By completing the squares, this last expression is equal to

${\displaystyle ({\vec {x}}^{\dagger }+{\vec {v}}^{\dagger }M_{n}^{-1}{\bar {x}}_{n+1})M_{n}({\vec {x}}+x_{n+1}M_{n}^{-1}{\vec {v}})-|x_{n+1}|^{2}{\vec {v}}^{\dagger }M_{n}^{-1}{\vec {v}}+d|x_{n+1}|^{2}}$

${\displaystyle =({\vec {x}}+{\vec {c}})^{\dagger }M_{n}({\vec {x}}+{\vec {c}})+|x_{n+1}|^{2}(d-{\vec {v}}^{\dagger }M_{n}^{-1}{\vec {v}})}$

where ${\displaystyle {\vec {c}}=x_{n+1}M_{n}^{-1}{\vec {v}}}$ (note that ${\displaystyle M_{n}^{-1}}$ exists because the eigenvalues of ${\displaystyle M_{n}}$ are all positive.) The first term is positive by the inductive hypothesis. We now examine the sign of the second term. By using the block matrix determinant formula

${\displaystyle \det \left({\begin{array}{cc}A&B\\C&D\end{array}}\right)=\det A\det(D-CA^{-1}B)}$

on ${\displaystyle (*)}$ we obtain

${\displaystyle \det M_{n+1}=\det M_{n}(d-{\vec {v}}^{\dagger }M_{n}^{-1}{\vec {v}})>0}$, which implies ${\displaystyle d-{\vec {v}}^{\dagger }M_{n}^{-1}{\vec {v}}>0}$.

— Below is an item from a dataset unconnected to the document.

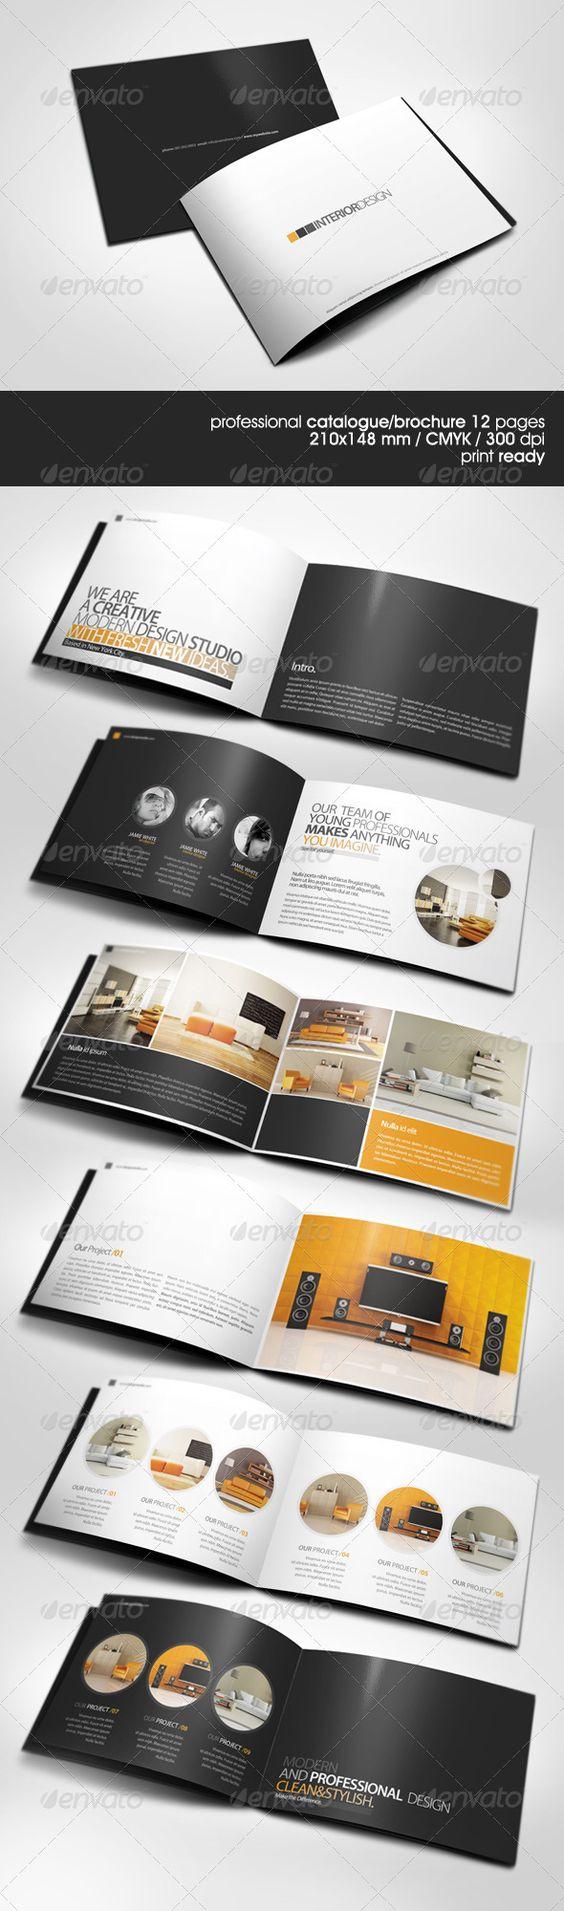 interior design brochure - Brochures, Layout and Modern on Pinterest

Consequently, ${\displaystyle x^{\dagger }M_{n+1}x>0.}$

Proof for the case of positive semidefinite matrices

Let ${\displaystyle M_{n}}$ be an n x n Hermitian matrix. Suppose ${\displaystyle M_{n}}$ is semidefinite. Essentially the same proof as for the case that ${\displaystyle M_{n}}$ is strictly positive definite shows that all principal minors (not necessarily the leading principal minors) are non-negative.

For the reverse implication, it suffices to show that if ${\displaystyle M_{n}}$ has all non-negative principal minors, then for all t>0, all leading principal minors of the Hermitian matrix ${\displaystyle M_{n}+tI_{n}}$ are strictly positive, where ${\displaystyle I_{n}}$ is the nxn identity matrix. Indeed, from the positive definite case, we would know that the matrices ${\displaystyle M_{n}+tI_{n}}$ are strictly positive definite. Since the limit of positive definite matrices is always positive semidefinite, we can take ${\displaystyle t\to 0}$ to conclude.

To show this, let ${\displaystyle M_{k}}$ be the kth leading principal submatrix of ${\displaystyle M_{n}.}$ We know that ${\displaystyle q_{k}(t)=\det(M_{k}+tI_{k})}$ is a polynomial in t, related to the characteristic polynomial ${\displaystyle p_{M_{k}}}$ via $${\displaystyle q_{k}(t)=(-1)^{k}p_{M_{k}}(-t).}$$ We use the identity in Characteristic polynomial#Properties to write $${\displaystyle q_{k}(t)=\sum _{j=0}^{k}t^{k-j}\operatorname {tr} \left(\textstyle \bigwedge ^{j}M_{k}\right),}$$ where ${\textstyle \operatorname {tr} \left(\bigwedge ^{j}M_{k}\right)}$ is the trace of the jth exterior power of ${\displaystyle M_{k}.}$

From the definition of minors, we know that the entries in the matrix expansion of ${\displaystyle \bigwedge ^{j}M_{k}}$ (for j > 0) are just the minors of ${\displaystyle M_{k}.}$ In particular, the diagonal entries are the principal minors of ${\displaystyle M_{k}}$, which of course are also principal minors of ${\displaystyle M_{n}}$, and are thus non-negative. Since the trace of a matrix is the sum of the diagonal entries, it follows that $${\displaystyle \operatorname {tr} \left(\textstyle \bigwedge ^{j}M_{k}\right)\geq 0.}$$ Thus the coefficient of ${\displaystyle t^{k-j}}$ in ${\displaystyle q_{k}(t)}$ is non-negative for all j > 0. For j = 0, it is clear that the coefficient is 1. In particular, ${\displaystyle q_{k}(t)>0}$ for all t > 0, which is what was required to show.